An Application of Machine Learning for the Identification of Adolescent Smoking Risk Factors

2.50
Hdl Handle:
http://hdl.handle.net/10755/621851
Category:
Full-text
Format:
Text-based Document
Type:
Poster
Level of Evidence:
N/A
Research Approach:
N/A
Title:
An Application of Machine Learning for the Identification of Adolescent Smoking Risk Factors
Author(s):
Chung, Sophia; Li, Youngji
Lead Author STTI Affiliation:
Gamma
Author Details:
Sophia J. Chung, PhD, MSN, RN, Professional Experience: 2015-present -- Assistnat Professor, Department of Nursing, University of Ulsan, South Korea Author or coauthor of three publication primarily related to child health care and three additional publication related to various topic, including health promotion and health literacy About ten presentations at conferences or meetings Author Summary: Sophia Chung is an assistant professor from University of Ulsan. Her research focuses on adolescents' health promotion, including physical activity, diet, and smoking. At this presentation, she explains the risk factors related to adolescents’ smoking behaviors using machine learning approach.
Abstract:
Purpose: Smoking is known to be a modifiable risk behavior that causes various health problems that include cancer and respiratory disease. Moreover, the literature reveals that adolescent smoking behaviors are likely to persist through adulthood, and this is the case in countries worldwide. In South Korea, despite many effeorts to reduce smoking among Korean adolescents, this modifiable risk behavior remains a significant social problem. An effective intervention to target and modify the behavior of adolescents concerning smoking must understand and address the factors that underlie and influence the behavior of smoking. These factors canbe surfaced in data using an appropriate approach. Machine learning is an approach that is well suited to reveal patterns of infromation in large, complex datasets that are useful in predicting outcomes (Chekround, 2016). For example, machine learning has been used to predict readmission in in-patients (Mortazavi, 2016; Frizzell, 2016). However, this approach had not yet been applied to address an adolescents risk behavior, such as smoking. Therefore, the goal of this study was to identify the predictors of adolescents smoking behaviors in South Korea using a machine-learning approach.

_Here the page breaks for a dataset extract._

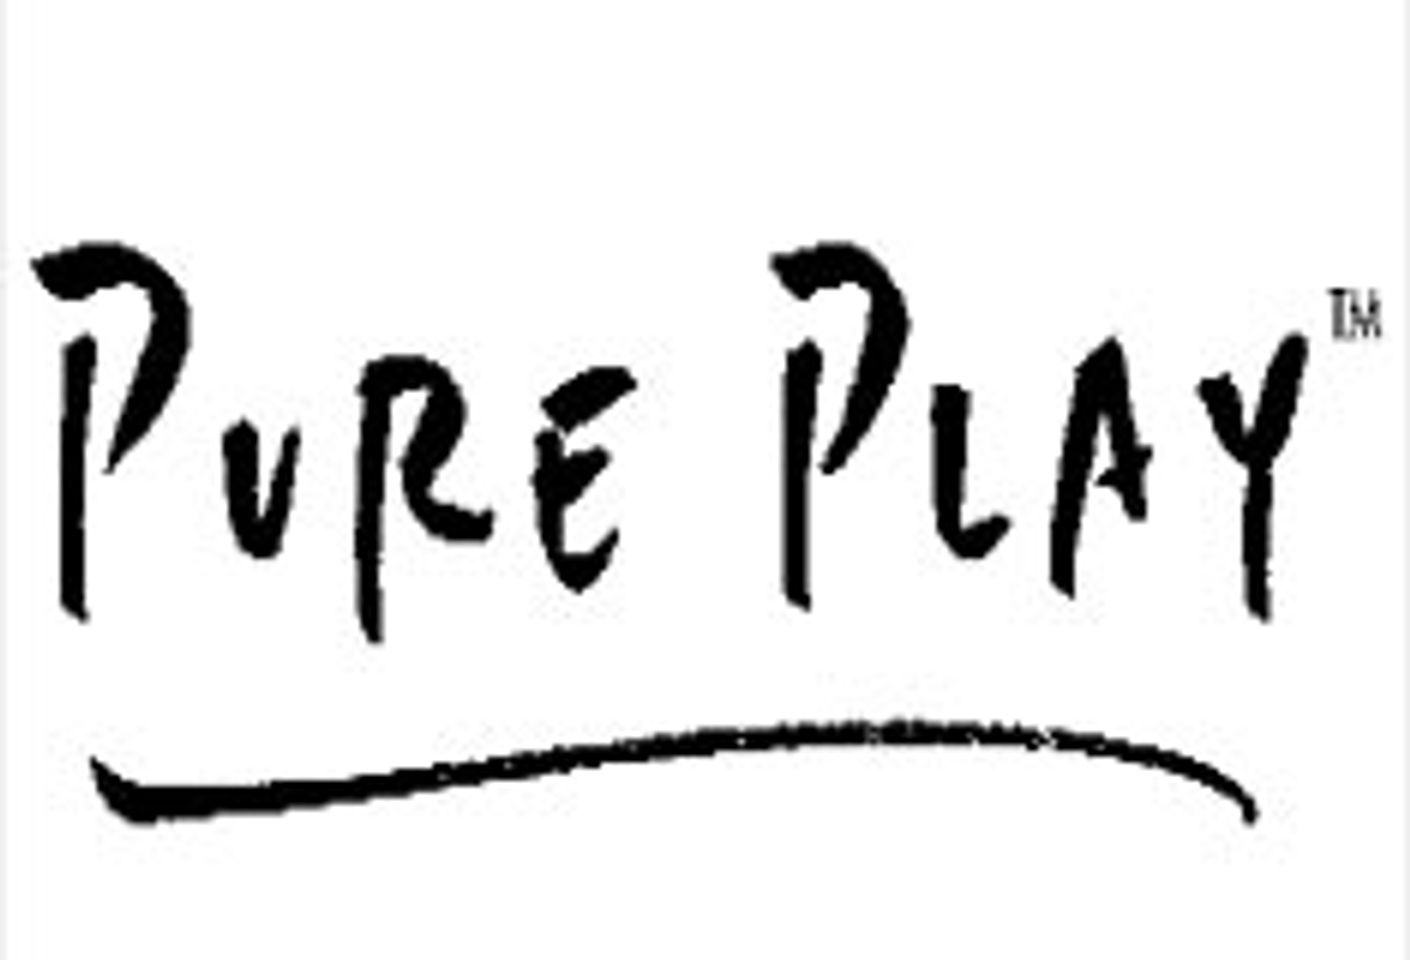 Pure Play Media Inks Distribution Deal With Erotic Media AG
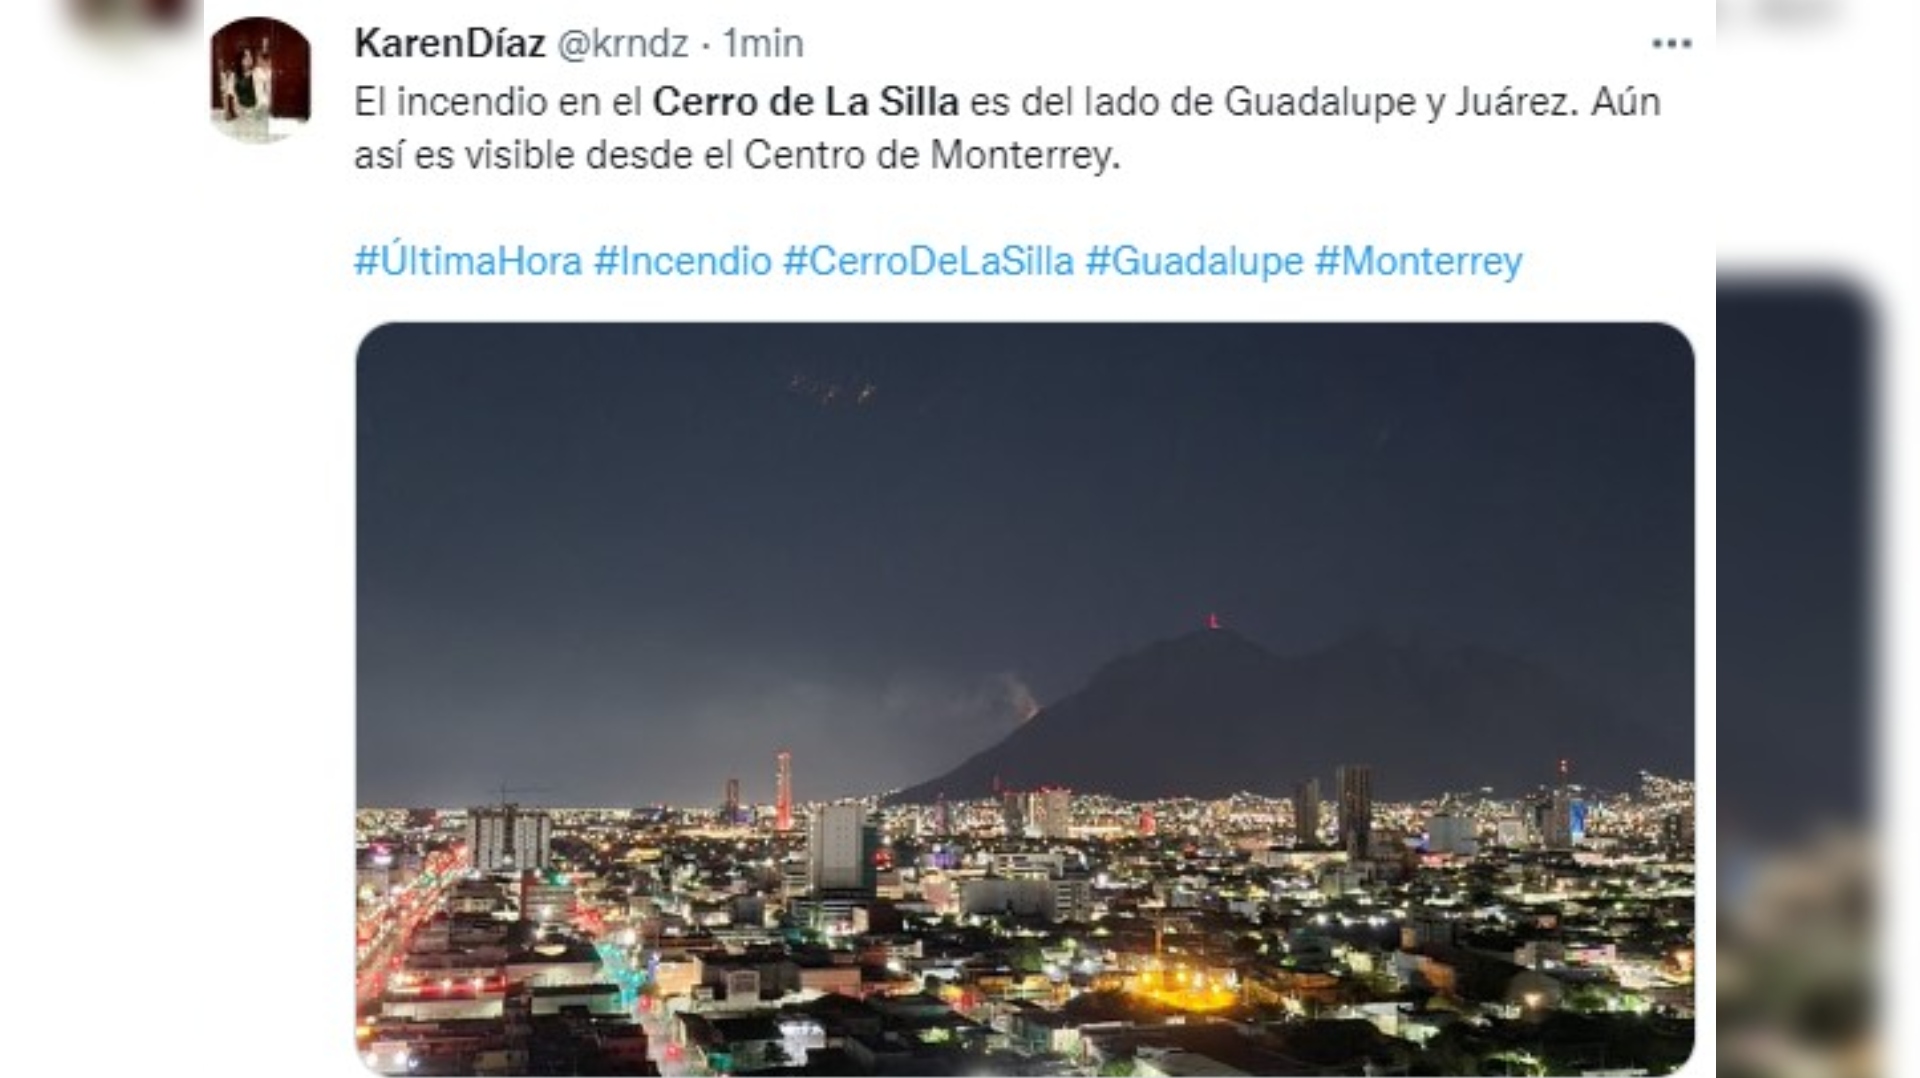 Users commented that the incident was also visible from the center of Monterrey.  (Capture: Twitter/@krndz)

Methods: The 2015 Korean Youth Risk Behviors Web-based Survey (KYRBS) was used as the data source of this study. The KYRBS is an annual, nationwide survey conducted in South Korea to examine health behaviors that include cigarette smoking, individual hygiene, and alcohol consumption. Data gatered in the 2015 KYRBS was collected via self-report questionnaires responded to by 68,043 students in grades 7 through 12 in randomly-selected 800 schools in South Korea. For this study, we used 5,123 surveys which completed items concerning smooking on the questionnaires. This study utilized the machine-learning pipeline developed by Fayyad (1996) and Yoon (2015). To reduce the "surse of dimensionality," in which a high number of inter-related variables in large dataset interfere with the accuracy of the machine-learning model, we selected clinically meaningful features based on the concpetual framework for adolescent risk behaviors (Jessor, 1991). Then, we applied three machine learning algorithms embedded in Weka (i.e., J48, Naïve Bayes, and Logistic Regression) to build a predictive model for the smoking behavior of the adolescents represented by the KYRBY dataset. The final model was selected based on the accuracy of not only the predictive model, but also the F-measure calculated using precision and recall rate.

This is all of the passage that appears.